On voit que ces deux formes d’impulsivité se distinguent en raison de l’importance relative de la causalité passée et présente qui les détermine : quand la nature de la réaction révèle l’impor­tance prédominante du passé de sorte que le présent n’intervient plus guère que comme occasion, l’impulsivité est éruptive ; quand au contraire le mode de la réaction intéresse moins sa nature que son actualité même, l’impulsivité est réactive.

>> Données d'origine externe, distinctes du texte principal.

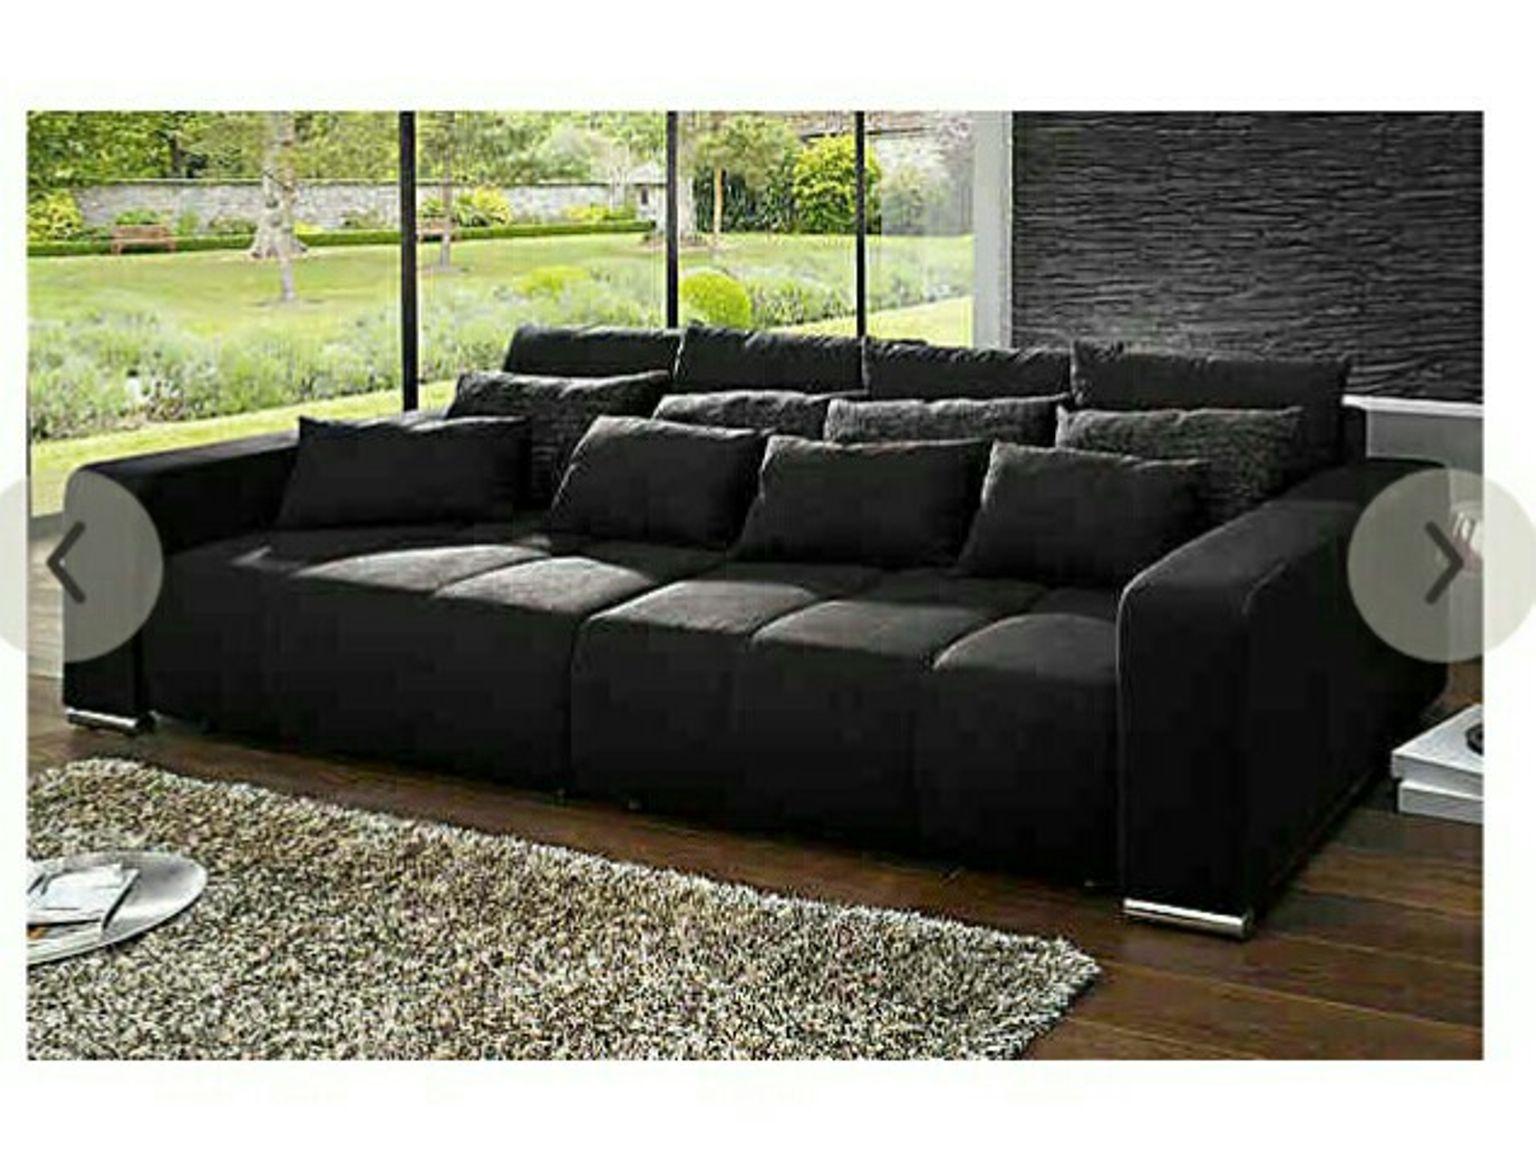 Billig Big Sofa Xxl Deutsche In 2019 Big Sofas Sofa Big Couch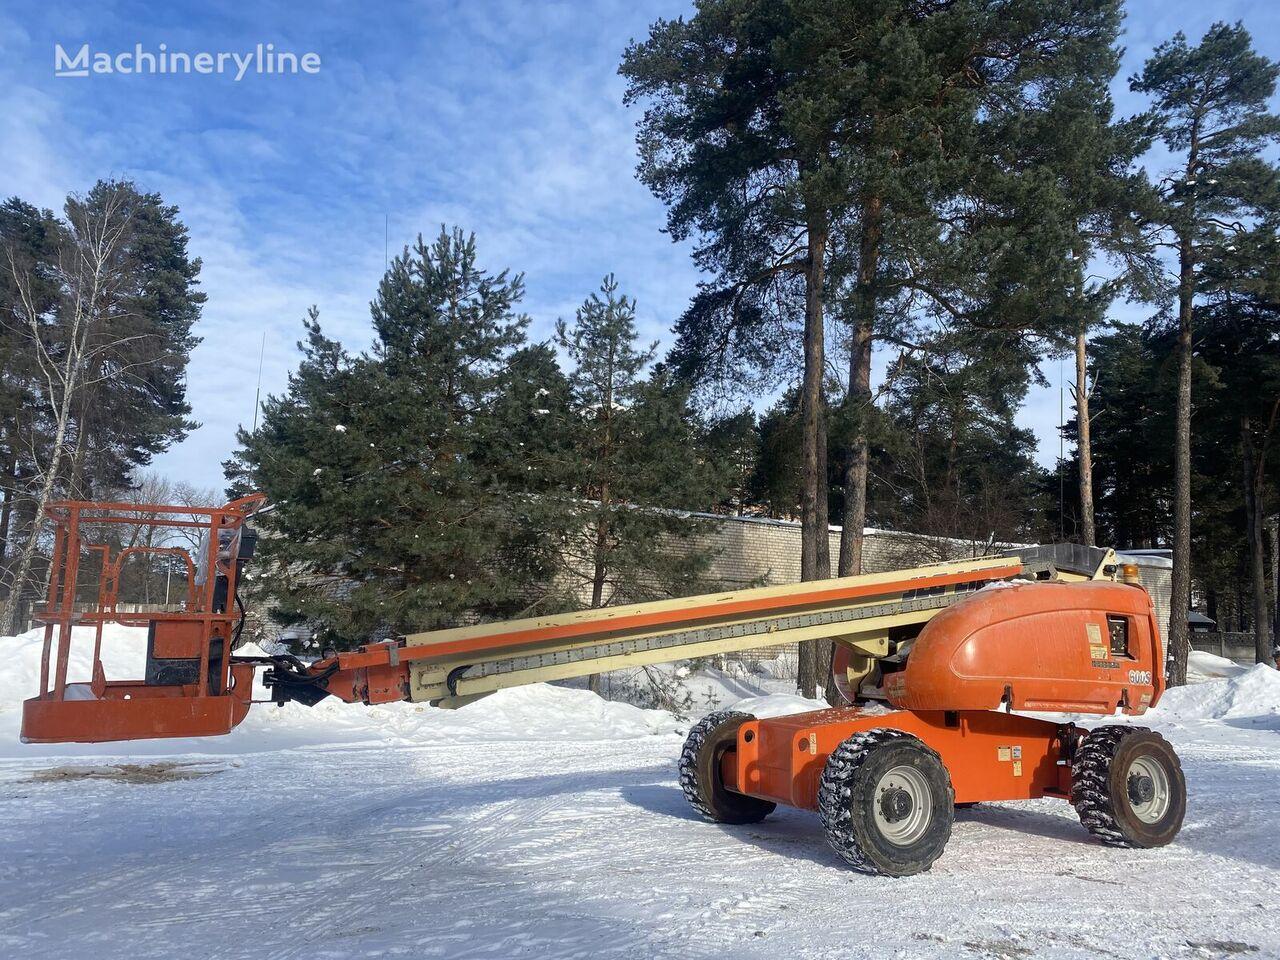 JLG 600 S telescopic boom lift

Cette distinction faite, c’est l’impulsivité réactive qui relève du caractère nerveux. C’est bien l’émotivité qui la grossit, mais en, tant que d’une part l’inactivité intervient pour livrer le sujet à son impulsion et que d’autre part la secondarité lui manque pour l’inhiber, il faut y voir la transition entre les effets de l’émotivité primaire et ceux de l’inactivité primaire. — Dans la vie du nerveux elle systématise deux sortes d’événements : c’est d’abord la suc­cession quotidienne d’actes et de paroles brusqués qui surviennent fâcheusement pour troubler une atmosphère familiale, compro­mettre la bonne tenue d’une réunion, interrompre la continuité d’une amitié. Quand elle est intentionnelle, que le sujet s’y plaît, elle devient la taquinerie. Au niveau où l’impulsivité est plus grave, c’est un acte irréfléchi, fait sans considération des consé­quences et que son auteur peut par entêtement s’obstiner à main­tenir. A cause de son défaut de coordination avec les autres actes du sujet, la considération de l’impulsivité réactive introduit direc­tement dans celle des contradictions de la conduite.

62. F) Contradictions de la pensée et de la vie. — Une vie tiraillée par des impulsions successives manifestant l’empire presque exclu­sif du présent ne peut être un modèle de cohérence : elle sacrifie l’éternité à l’actualité, la valeur de la systématisation à celle de la spontanéité. Il faut prendre les caractères tels qu’ils sont et ne leur demander que ce qu’ils peuvent donner. Si l’on attend d’un esprit qu’il soit du monde, comme l’a dit un poète à fonction p.173 primaire, « un écho sonore », qu’il résonne à tous les bruits de l’univers, il ne faut pas s’attendre à ce qu’il essaie de construire sa pensée d’une manière systématique, indépendamment du temps ou soumette sa conduite à une règle inflexible. Or si ce défaut est vrai de tout primaire, et davantage de tout émotif primaire, ce doit l’être au maximum, comme le prouvent les chiffres de l’en­quête statistique, du nerveux. Ici se présente, une fois de plus, une des vérifications qui prouvent l’objectivité de ces considéra­tions, c’est que les hommes dont la formule est totalement opposée à celle des nerveux, à savoir les nEAS, les flegmatiques, sont justement ceux que les observateurs s’accordent à désigner comme les hommes dont la pensée et la conduite sont le plus cohérentes. Après l’avoir indiqué en gros, nous allons le constater dans le détail.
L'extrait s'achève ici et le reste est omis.